#### What to produce:
Your copy runs from the line containing "Simple and elegant" through the last line of the listing, both included. Restate those lines word for word and leave out pictures.

START Data shown

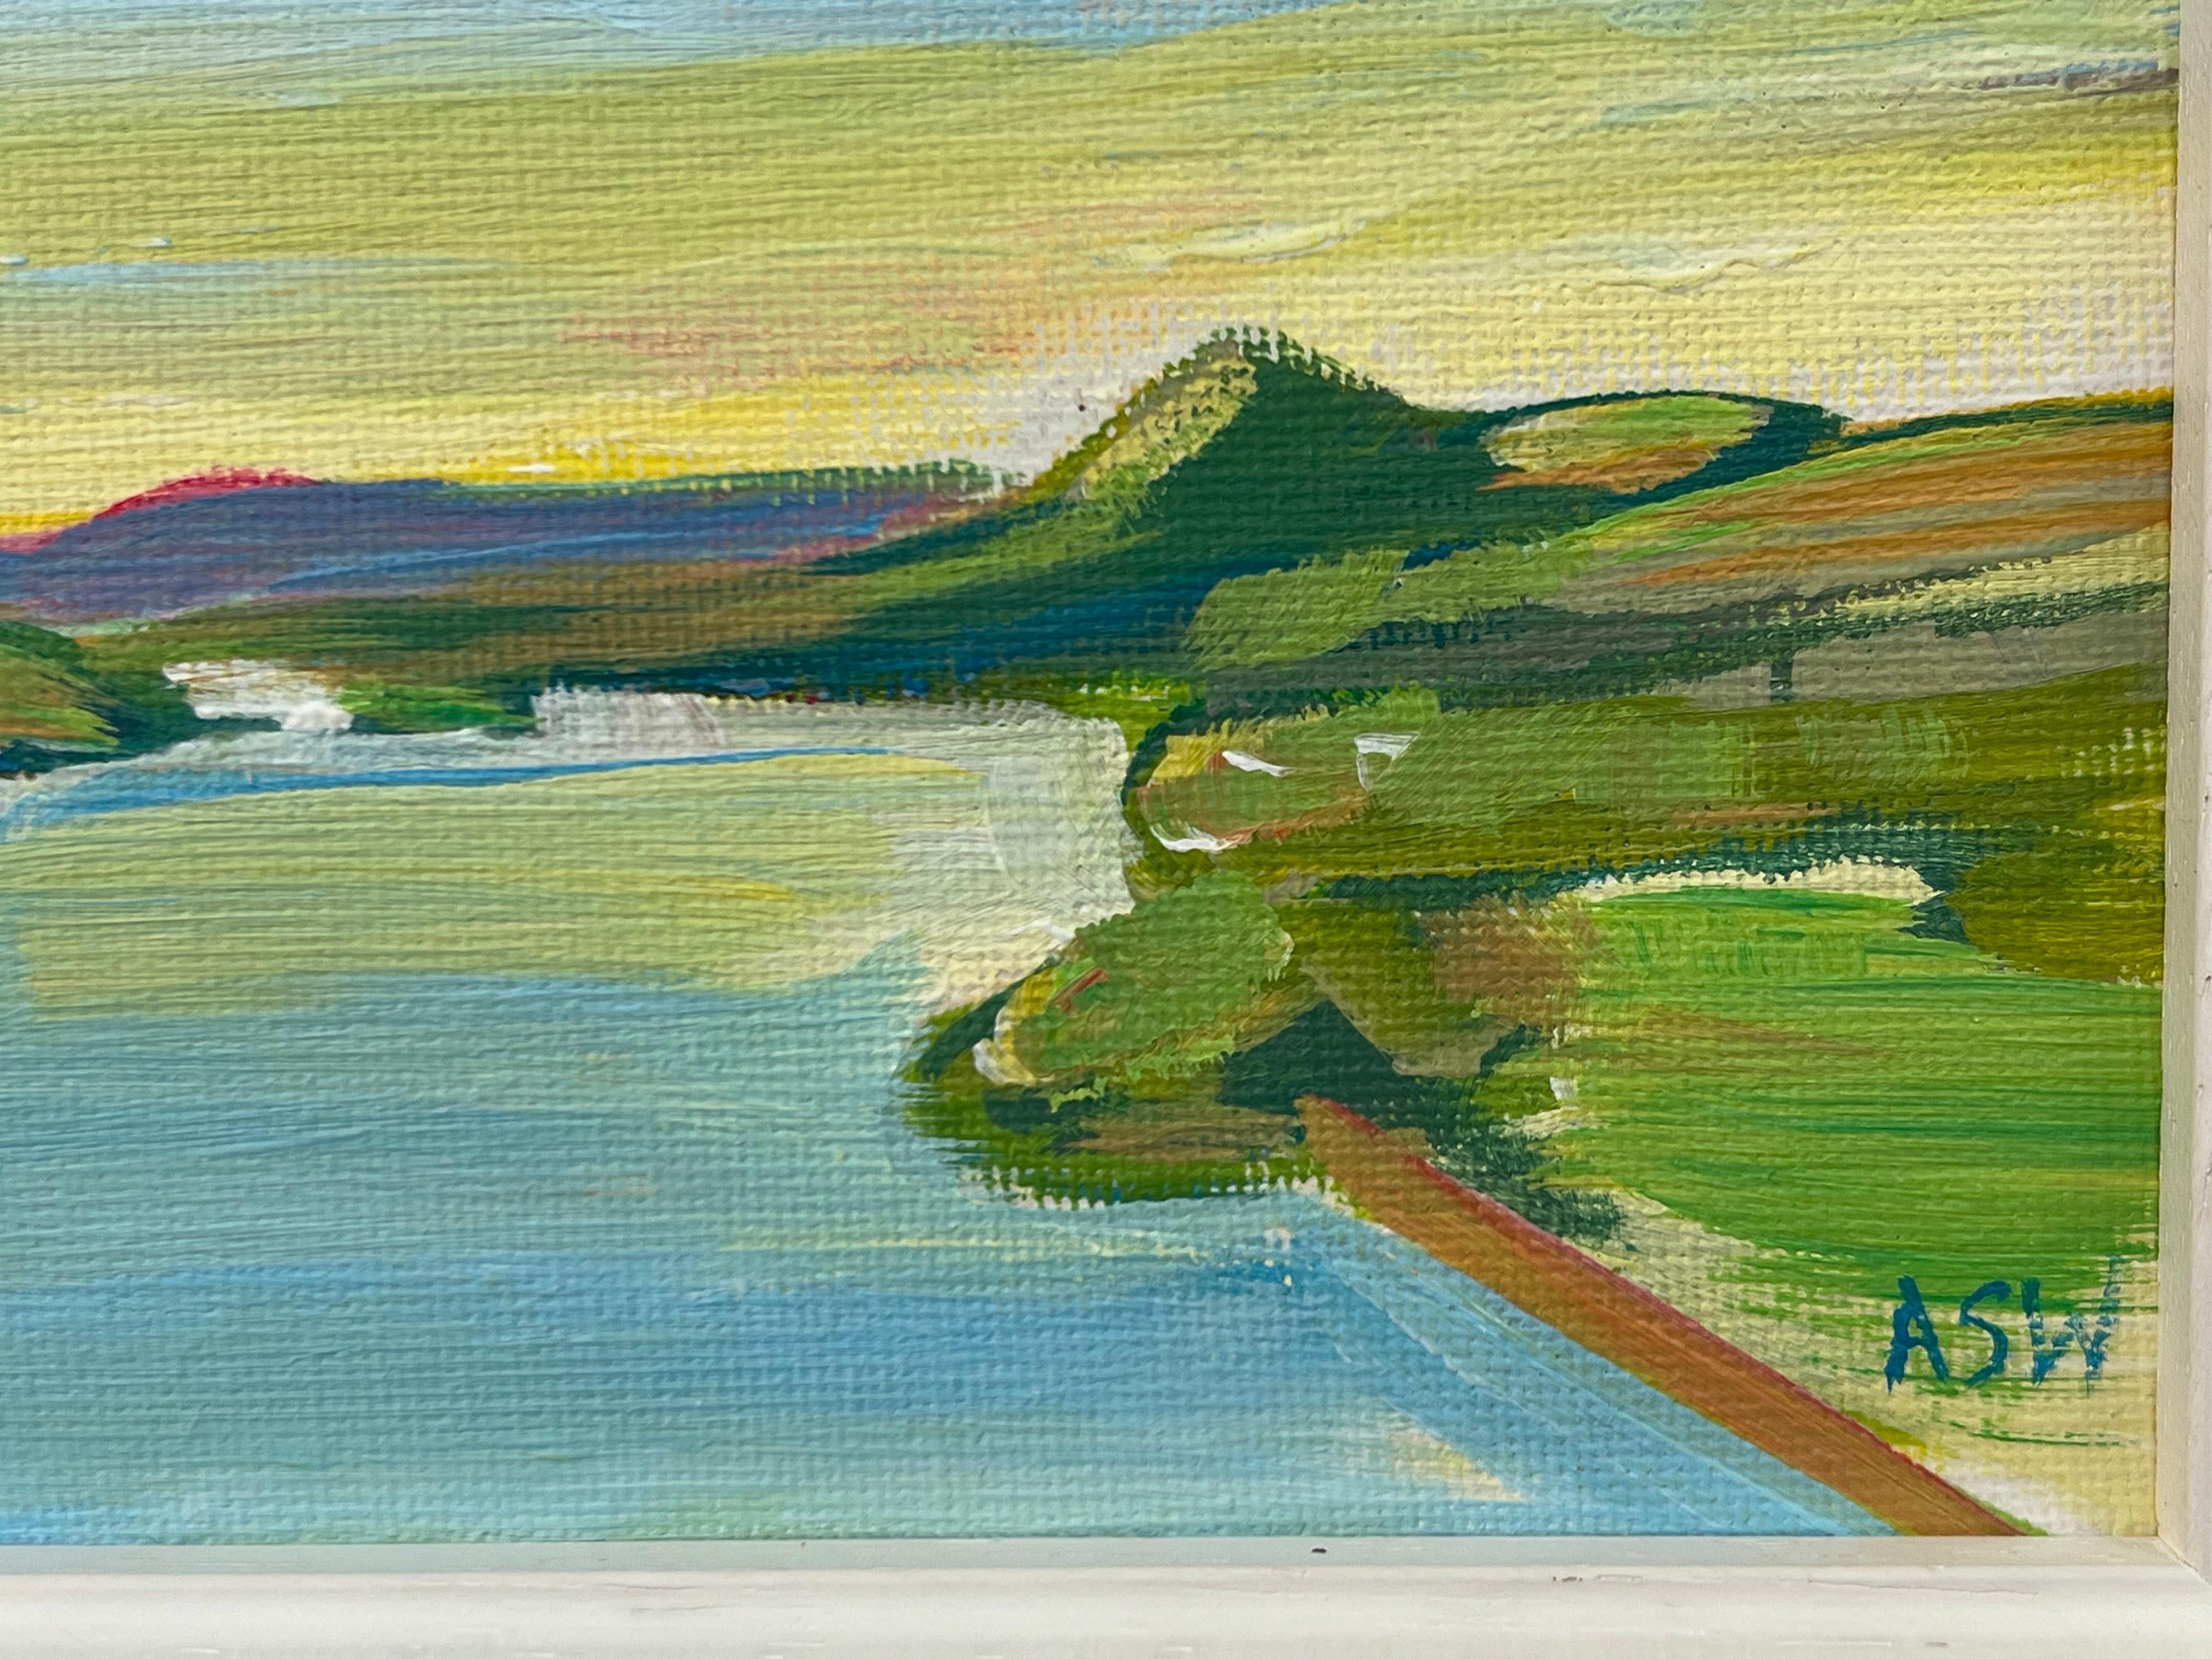 Miniature Painting Study of Hudson River, New York State, USA by British Artist For Sale 5
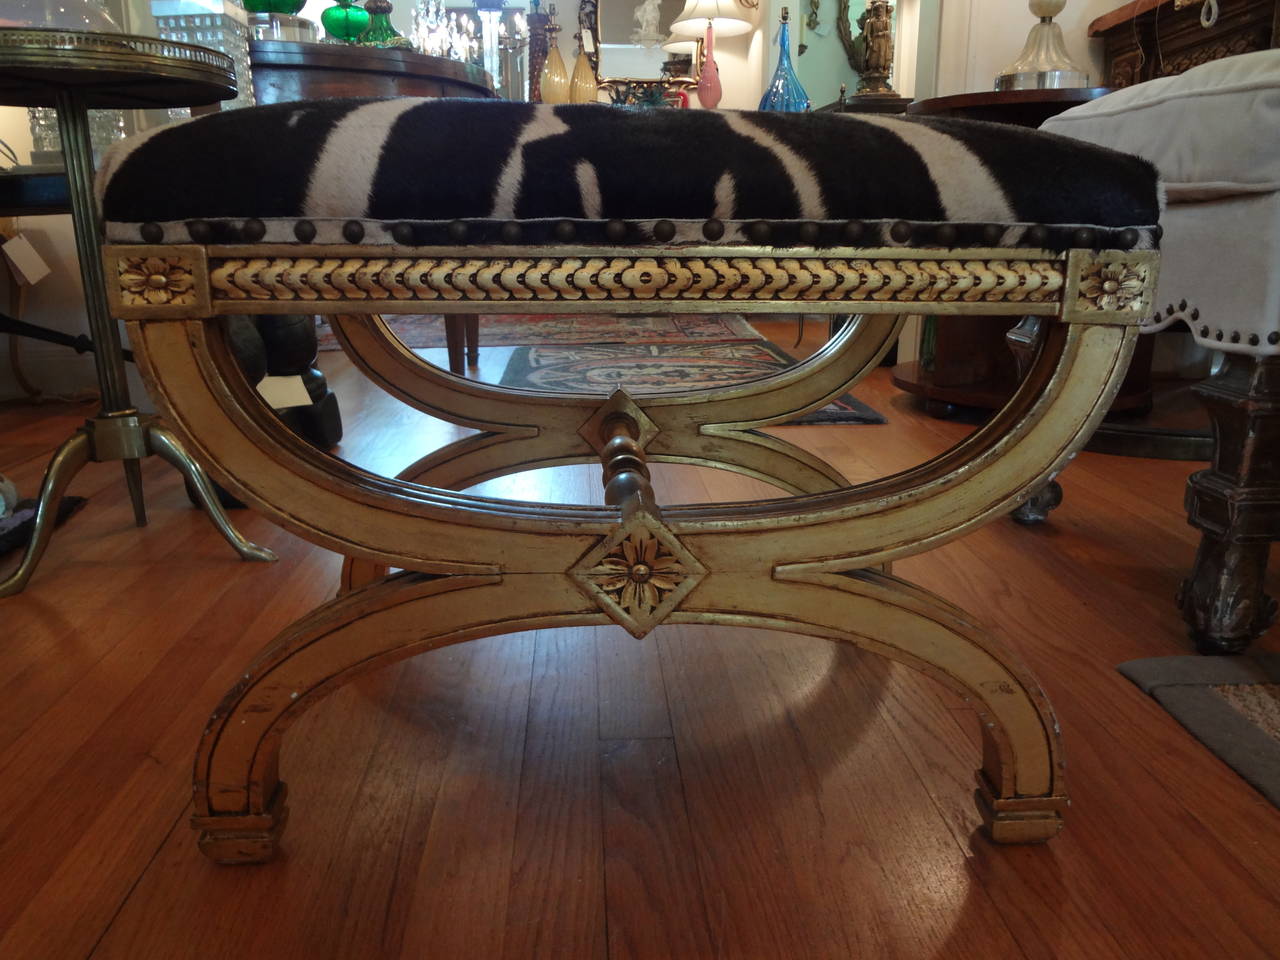 Simple and elegant French Louis XVI style giltwood bench/tabouret newly upholstered in zebra hide with brass nailhead trim.

Please click KIRBY ANTIQUES logo below to view additional pieces from our vast inventory.

 

END Data shown

#### Exercise solution:
 Simple and elegant French Louis XVI style giltwood bench/tabouret newly upholstered in zebra hide with brass nailhead trim.

Please click KIRBY ANTIQUES logo below to view additional pieces from our vast inventory.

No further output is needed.